# Select Top Features

Technically, any forms of observation-by-feature matrix is acceptable for the method we developed, and users are
encouraged to explore the usability of our method with other types of data, even not in a biological context.
However, single-cell transcriptomics data, as provided, usually is of high dimensionality and contains technical and
biological noise. With testing different approaches of reducing the dimensionality and noise, we recommend that users
select a number of top differentially expressed genes (DEGs) for each cluster (or group of clusters) that a vertex represents.

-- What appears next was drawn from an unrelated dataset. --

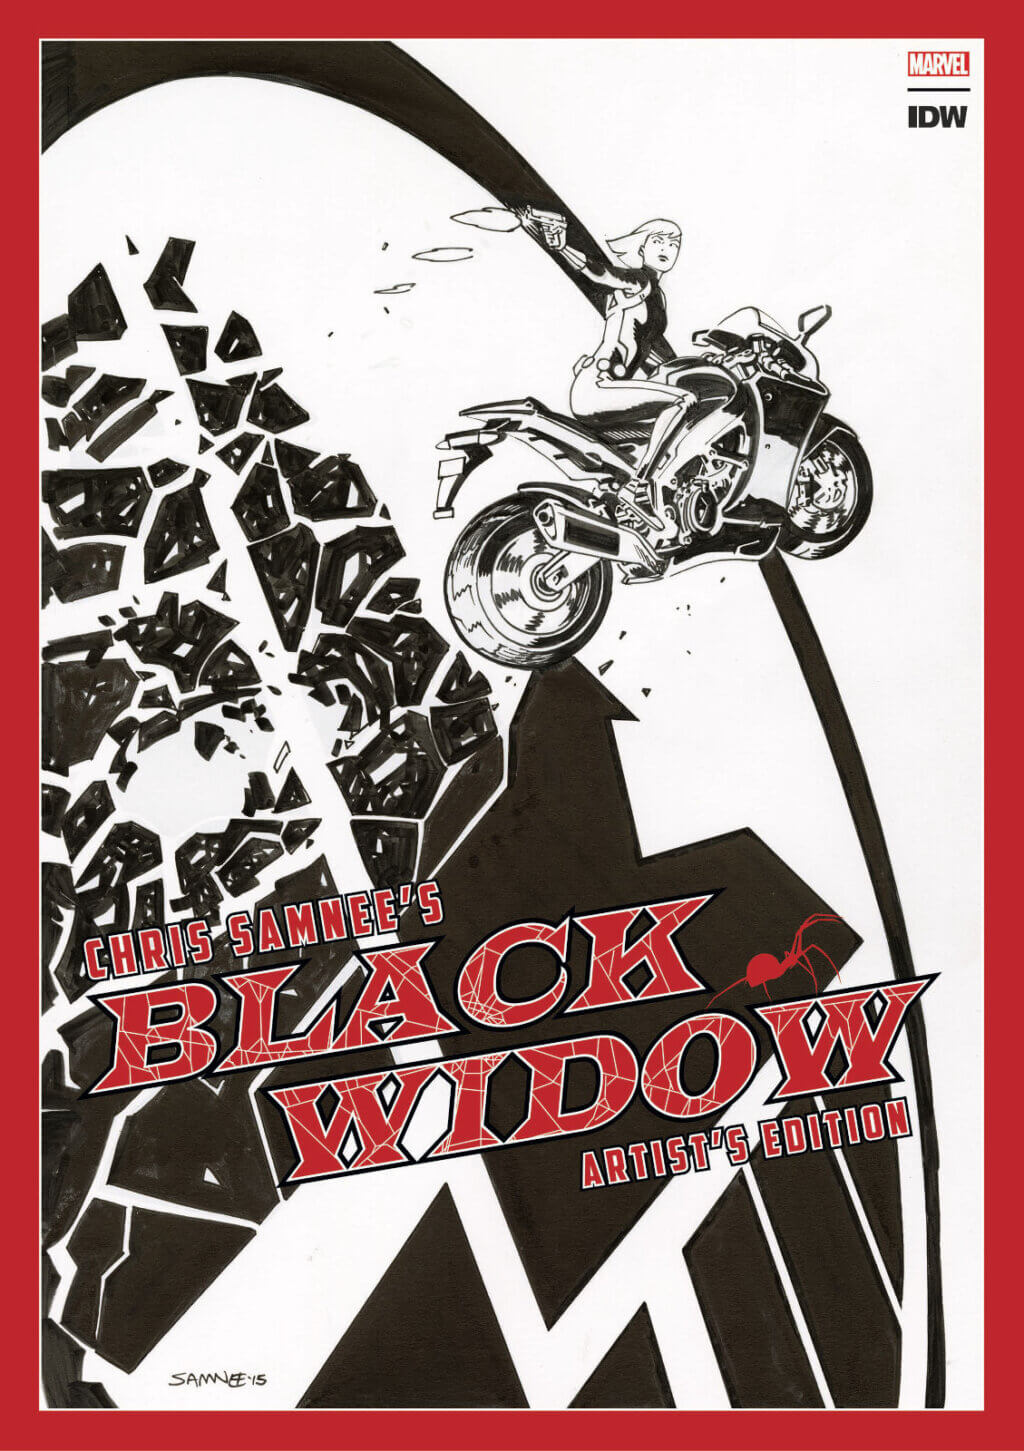 Chris Samnee's Black Widow Artists Edition cover

We implemented a fast Wilcoxon rank-sum test method which can be invoked with function [`select_top_features`](../generated/CytoSimplex.select_top_features).
The test is done in a one group versus all other groups manner. Here, we will choose the top DEGs for Osteoblast cells 
(shortened as `"OS"`), Reticular cells (`"RE"`) and Chondrocytes (`"CH"`), as also shown in the previously mentioned 
publication. The number of top DEGs for each cluster is set to 30 (nTop = 30), thus 90 unique genes at maximum are expected to be returned.

In [1]:
import CytoSimplex as csx
import scanpy as sc
adata = sc.read(filename='test.h5ad',
                backup_url="https://figshare.com/ndownloader/files/41034857")
vertices = {"OS": "Osteoblast_1",
            "RE": "Reticular_1",
            "CH": "Chondrocyte_1"}
selected_genes = csx.select_top_features(adata, cluster_var="cluster", vertices=vertices, n_top=30)
selected_genes[:10]

  z = z / usigma


['Steap1',
 'Smim5',
 'H2-DMa',
 'Zcchc5',
 'Lims2',
 'Fam89a',
 'Ninj2',
 'Scin',
 'Pygl',
 'Slc2a5']

Alternatively, users can set `return_stats=True` to obtain a table of
full Wilcoxon rank-sum test statistics including the result for all clusters, instead of selected vertices.

In [2]:
stats = csx.select_top_features(adata, cluster_var="cluster", vertices=vertices, return_stats=True)
stats

  z = z / usigma


Unnamed: 0,group,avgExpr,logFC,ustat,auc,pval,padj,pct_in,pct_out,feature
0,CH,0.000000,0.000000,3010.5,0.500000,,,0.000000,0.000000,Rp1
1,CH,0.000000,0.000000,3010.5,0.500000,,,0.000000,0.000000,Sox17
2,CH,10.610097,7.637897,4547.5,0.755273,4.666025e-08,4.881361e-07,81.481481,21.524664,Mrpl15
3,CH,6.077630,3.874176,3826.0,0.635443,9.406324e-04,3.637987e-03,48.148148,16.143498,Lypla1
4,CH,0.000000,-0.057590,2997.0,0.497758,7.669166e-01,1.000000e+00,0.000000,0.448430,Gm37988
...,...,...,...,...,...,...,...,...,...,...
242911,Reticular_2,1.582342,-0.496039,1048.0,0.483172,7.931468e-01,1.000000e+00,11.111111,14.937759,PISD
242912,Reticular_2,0.000000,-2.912214,846.0,0.390041,1.202520e-01,1.000000e+00,0.000000,21.991701,DHRSX
242913,Reticular_2,0.000000,-0.154048,1071.0,0.493776,7.746696e-01,1.000000e+00,0.000000,1.244813,CAAA01147332.1
242914,Reticular_2,16.142743,2.744758,1350.0,0.622407,2.151089e-01,1.000000e+00,100.000000,83.402490,tdT-WPRE_trans


The returned table can be considered as the concatenation of the tables of all tests, with the column `group` indicating 
which cluster the test is primarily based on. For example, the 3rd row is the result of the test for gene "Mrpl15" in group "CH", 
which represents the original cluster "Chondrocyte_1", against all other clusters.